Monday

Predator Press Declares Self “Official Website of Atlantis”

Predator Press

[LOBO]

Well why not? We’re just as qualified as any of those other jerks.

-Predator Press has just as long a history of not proving things as anyone: I’ve been questioning the Legend of Bigfoot, the female orgasm, and the existence of Canada since this blog's virtual inception.

Cryptic, vague references to the lost city of Atlantis go back dozens of years -before many of us were even born. The philosopher Plato waxed on and on and on about it.
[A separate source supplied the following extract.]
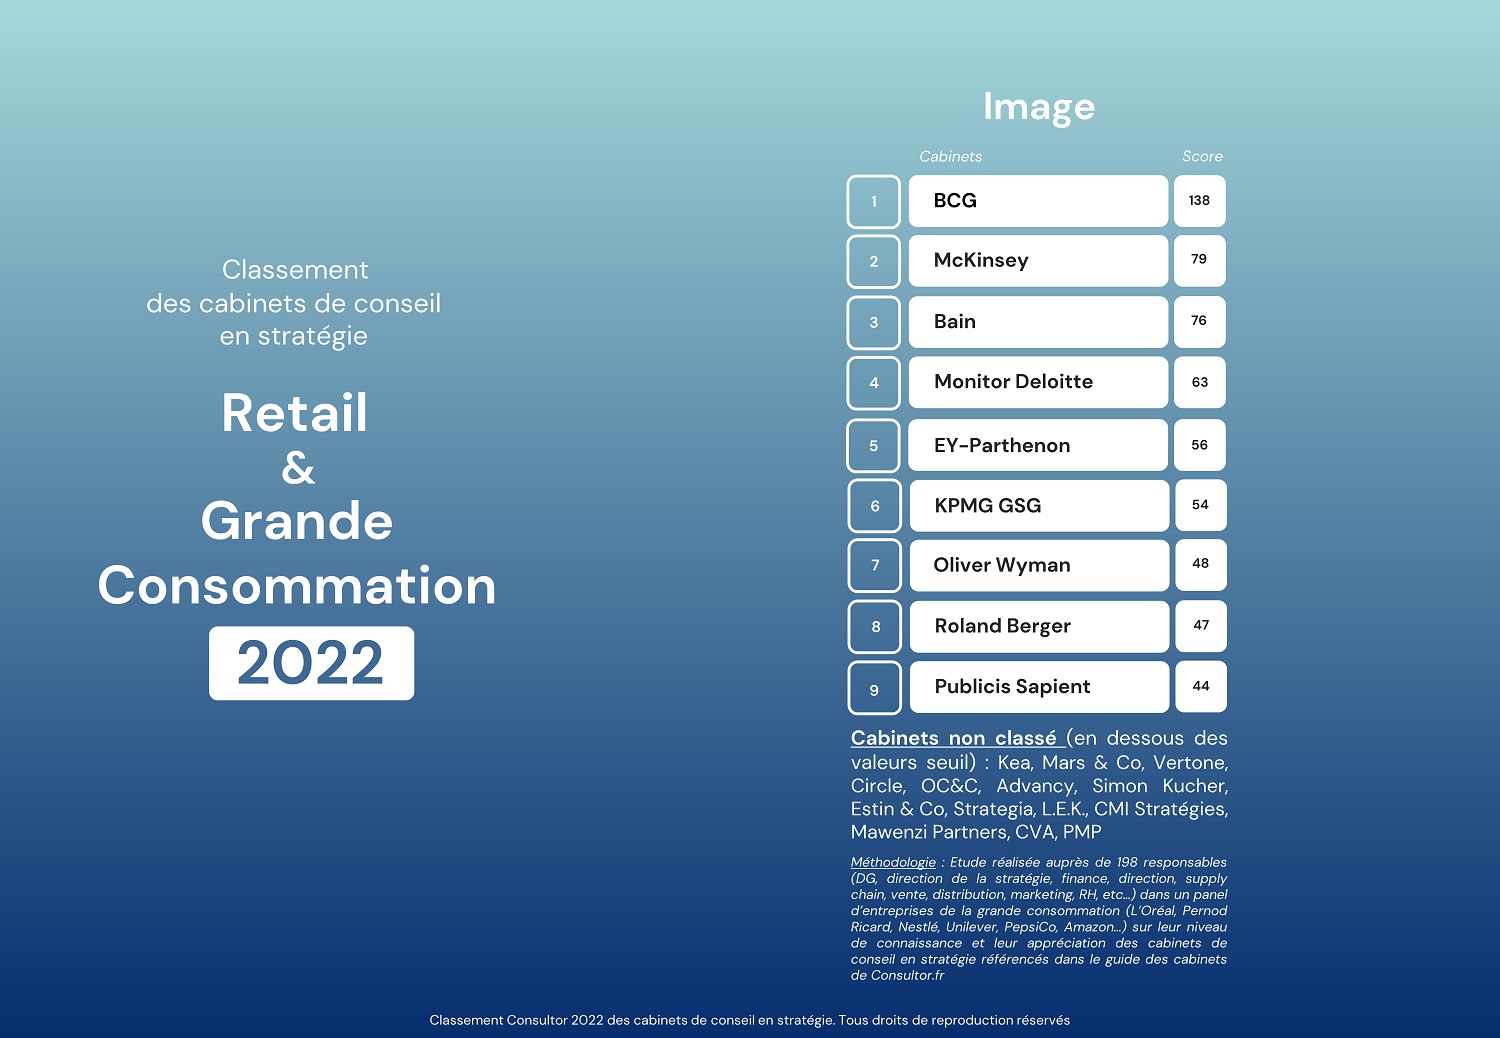 04 07 2022 Classement retail Conso image V2
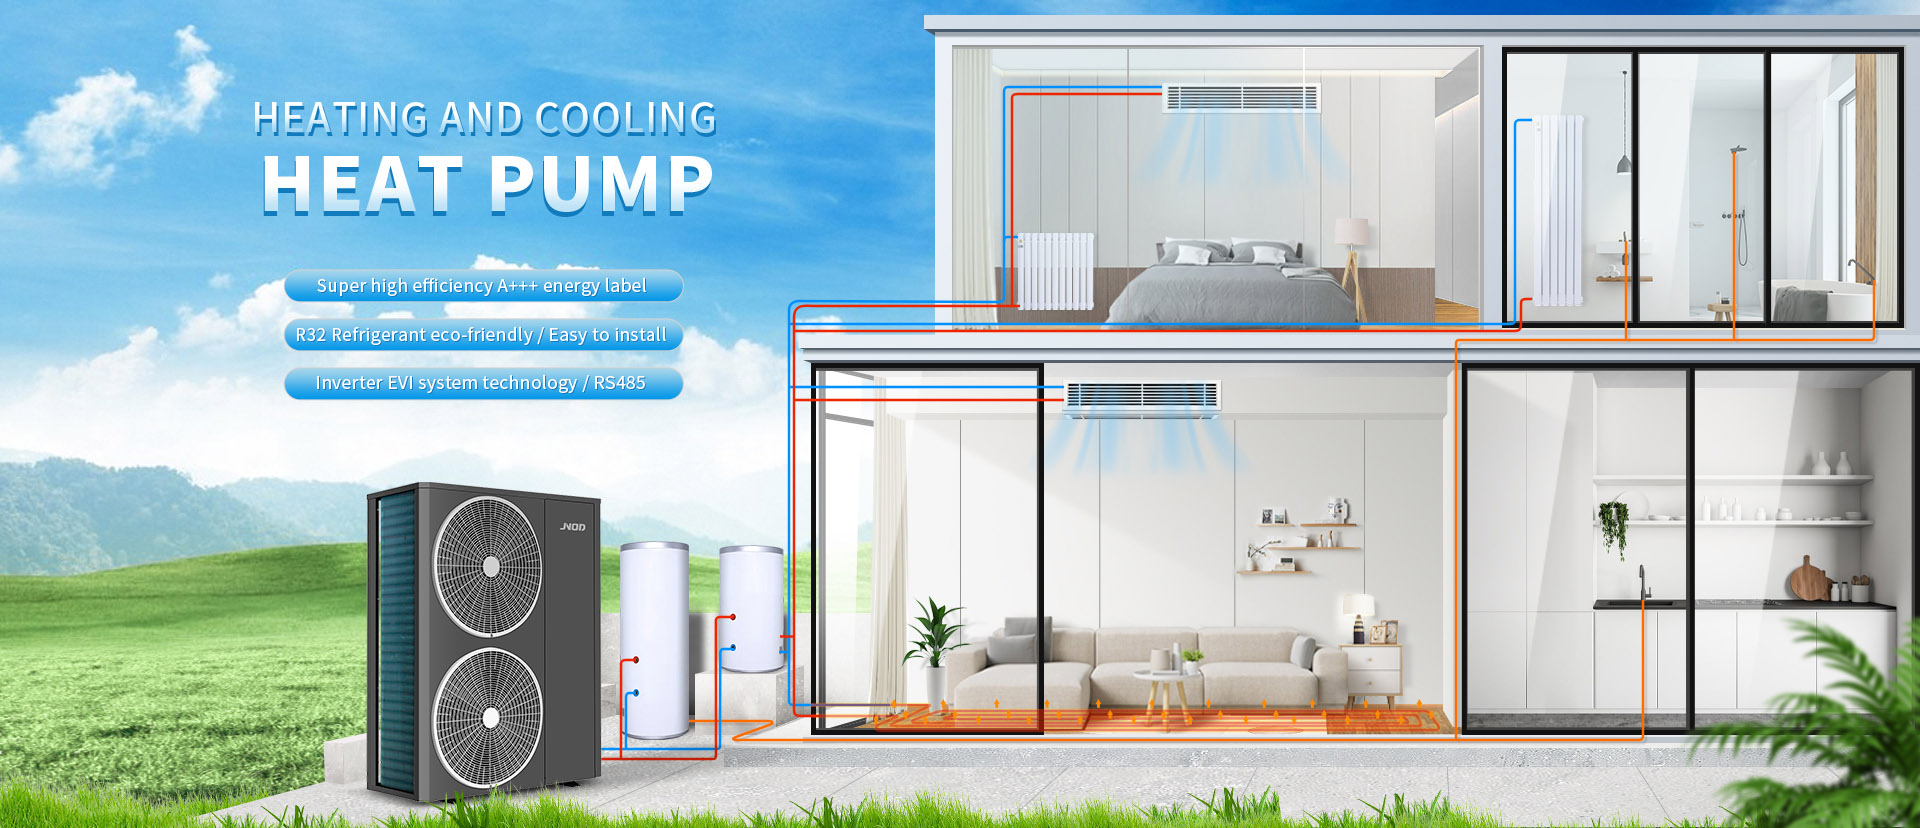 Monoblock Heating And Cooling Heat Pump

But like everyone else in history Plato is now dead too, and as a consequence of not getting himself on television we no longer have any records of his teachings, nor any idea what he was talking about.

There's a lot of possibilties if you think about it. It might have been Plato's crafty way to trick Diogenes into taking a bath every once in a while. "Here," Plato might say to Diogenes. "Take this bar of soap as an offering, and they might let you drive a flying car!" Or maybe Plato was just really, really drunk.

Many scientists often concur that Atlantis is now in Las Vegas masquerading as a casino -but many scientists also do not agree with this too: this all remains to be decided by careful application of something called the “Scientific Method.” While not familiar with said “Scientific Method” per se, I’m almost certainly going to Pay-Per-View the event; how often do you see guys in lab coats beating each other with tire irons and gigantic robots in pursuit of The Truth?*

Man, science is cool.

In conclusion, I submit that nobody has provided more proof of the existence of Atlantis than we have in this post -thus Predator Press is most deserving of the coveted “Official Website of Atlantis” title.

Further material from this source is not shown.